As the event drew to a close, I told him, ‘I’m jealous of you. You have such an amazing culture! It must be such a privilege to be able to reflect that beautiful culture during your wedding weekend. I wish I had a culture too.’

My friend got very serious and said, ‘Daniel, you may be white, but don’t let that lull you into thinking you have no culture. White culture is very real. In fact, when white culture comes in contact with other cultures, it almost always wins. So it would be a really good idea for you to learn about your culture.’

One of the reasons it can be difficult for those of us who are white to recognise the presence of white culture is that it has become the ‘normal’ by which we judge all other cultures.

It would be hard to overstate how caught off guard I was by this comment. I had never even considered the possibility of ‘white’ as a culture. Now he was telling me that not only was whiteness a culture, but that when it came in contact with other cultures, it always won. It felt patently unfair to group me in with every other white person he had ever met; and it felt borderline offensive to claim that my so-called culture operated off an intrinsically superior mindset.

However, I could not shake off the impact of his words. So, I went on a quest. My motives were admittedly mixed—a big part of me wanted to prove him wrong—but I also genuinely wanted to understand this notion of white culture. I wanted to know if it was real—and if it was, to understand what that meant; and I wanted to determine whether white culture really ‘wins’ when it comes in contact with other cultures.

The quest began almost 25 years ago. It has re-shaped the direction of my life over that time, and it has also had profound implications for how I understand the full dimension of Christian living. For the purposes of this article, I would like to focus specifically on the impact of white culture on mission—on how it shapes the way we bear witness to Christ and his kingdom. In Matthew 28:16, Jesus commissions us to go forth and make disciples of all the nations (ethnē); so clearly the relationship between witness and ethnicity is of utmost importance when considering mission.

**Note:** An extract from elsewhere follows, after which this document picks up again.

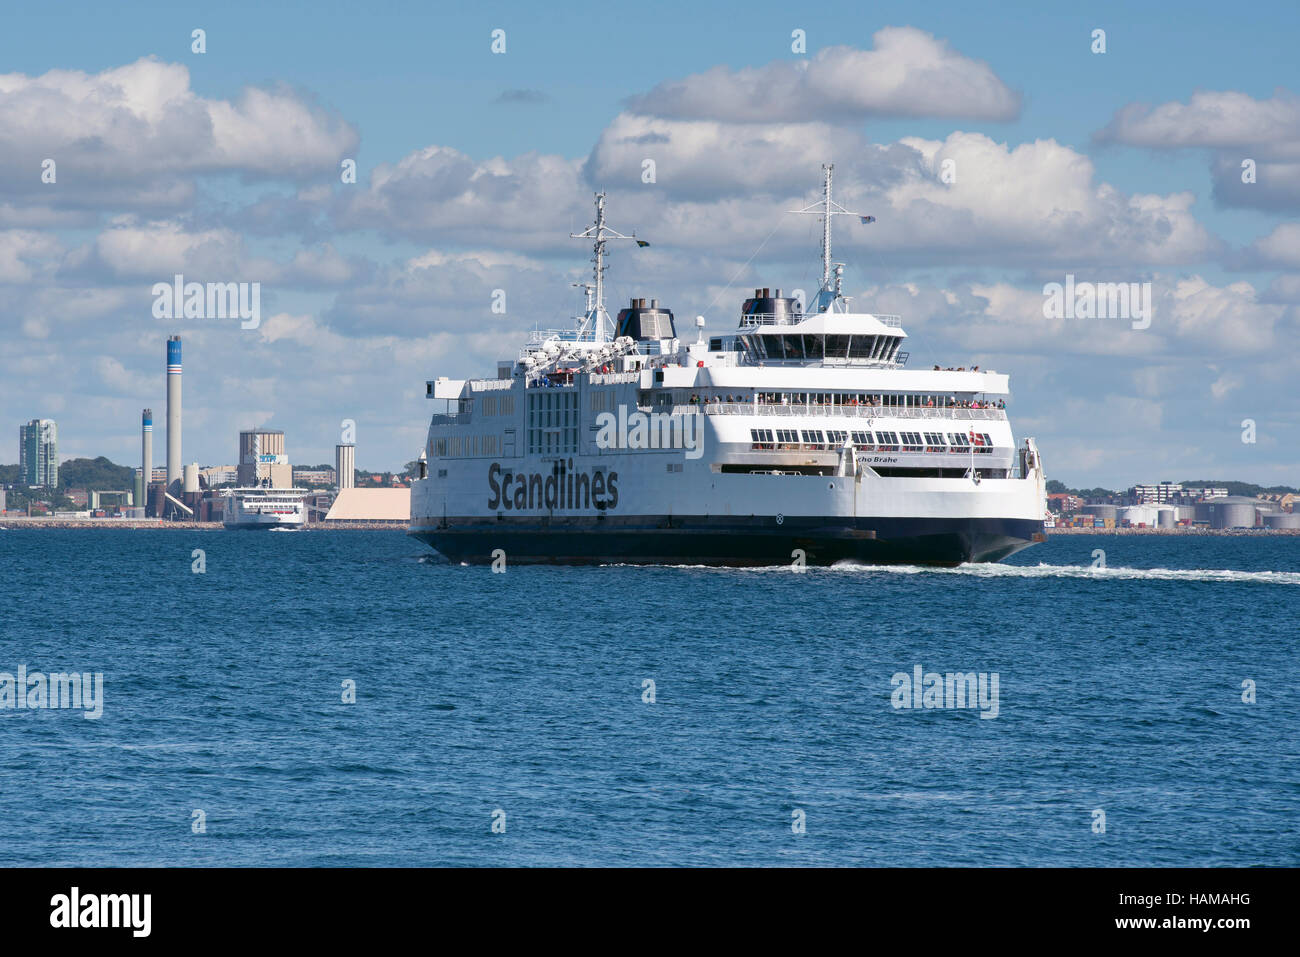 Tycho Brahe traghetto della compagnia di navigazione Scandlines, sul percorso Elsinore-Helsingborg tra la Danimarca e la Svezia attraverso l'Oresund Foto Stock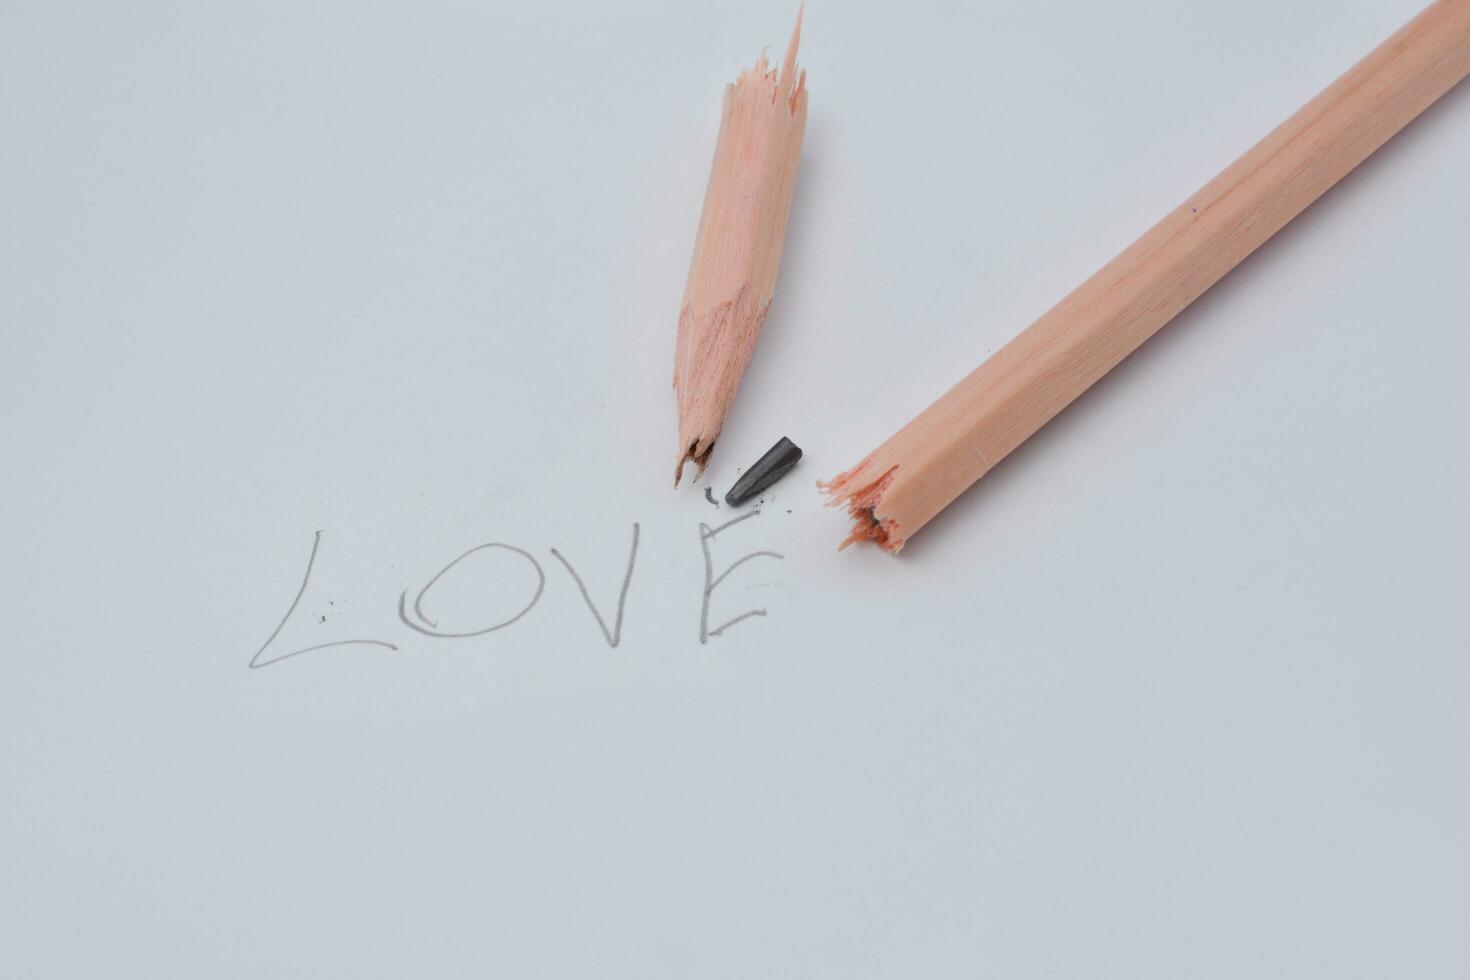 gebroken potlood. schrijven met een potlood de woord liefde. wit achtergrond. foto

What my friend told me at his wedding is a helpful framework for approaching the relationship between white culture and mission and how we can better bear witness to Christ and his kingdom:

  1. White culture is real.
  2. When it comes in contact with other cultures, white culture wins.

White Culture is real

One of the reasons it can be difficult for those of us who are white to recognise the presence of white culture is that it has become the ‘normal’ by which we judge all other cultures.

I have found the work of British sociologist Alistair Bonnett to be helpful in bringing greater clarity to this phenomenon. Bonnett conducted extensive research on white culture in both the US and UK. He noted that there was something unique about white culture, especially when observed in relation to nonwhite cultures: in both countries white culture is the ‘norm’ by which all other cultural identities are evaluated. It is an ‘unchanging and unproblematic location, a position from which all other identities come to be marked by their difference.’[1] With white culture serving as the baseline, we evaluate everyone else’s culture based on the norms we associate with white culture.

This tendency to normalise white culture is not just a secular challenge—it has tremendous impact on global mission as well. I took a seminary class with a white, racially conscious professor years ago, and he was convinced of this same hypothesis. He regularly urged his students to engage in self-examination of what we assumed to be culturally ‘normal’ and challenged us to be especially careful in the ways we normalized white theology. This assertion was particularly challenging to one of the white seminary students who was certain that he was culturally neutral in his approach to theology. He dared the professor to illustrate a concrete way in which white culture is normalised in the realm of theology.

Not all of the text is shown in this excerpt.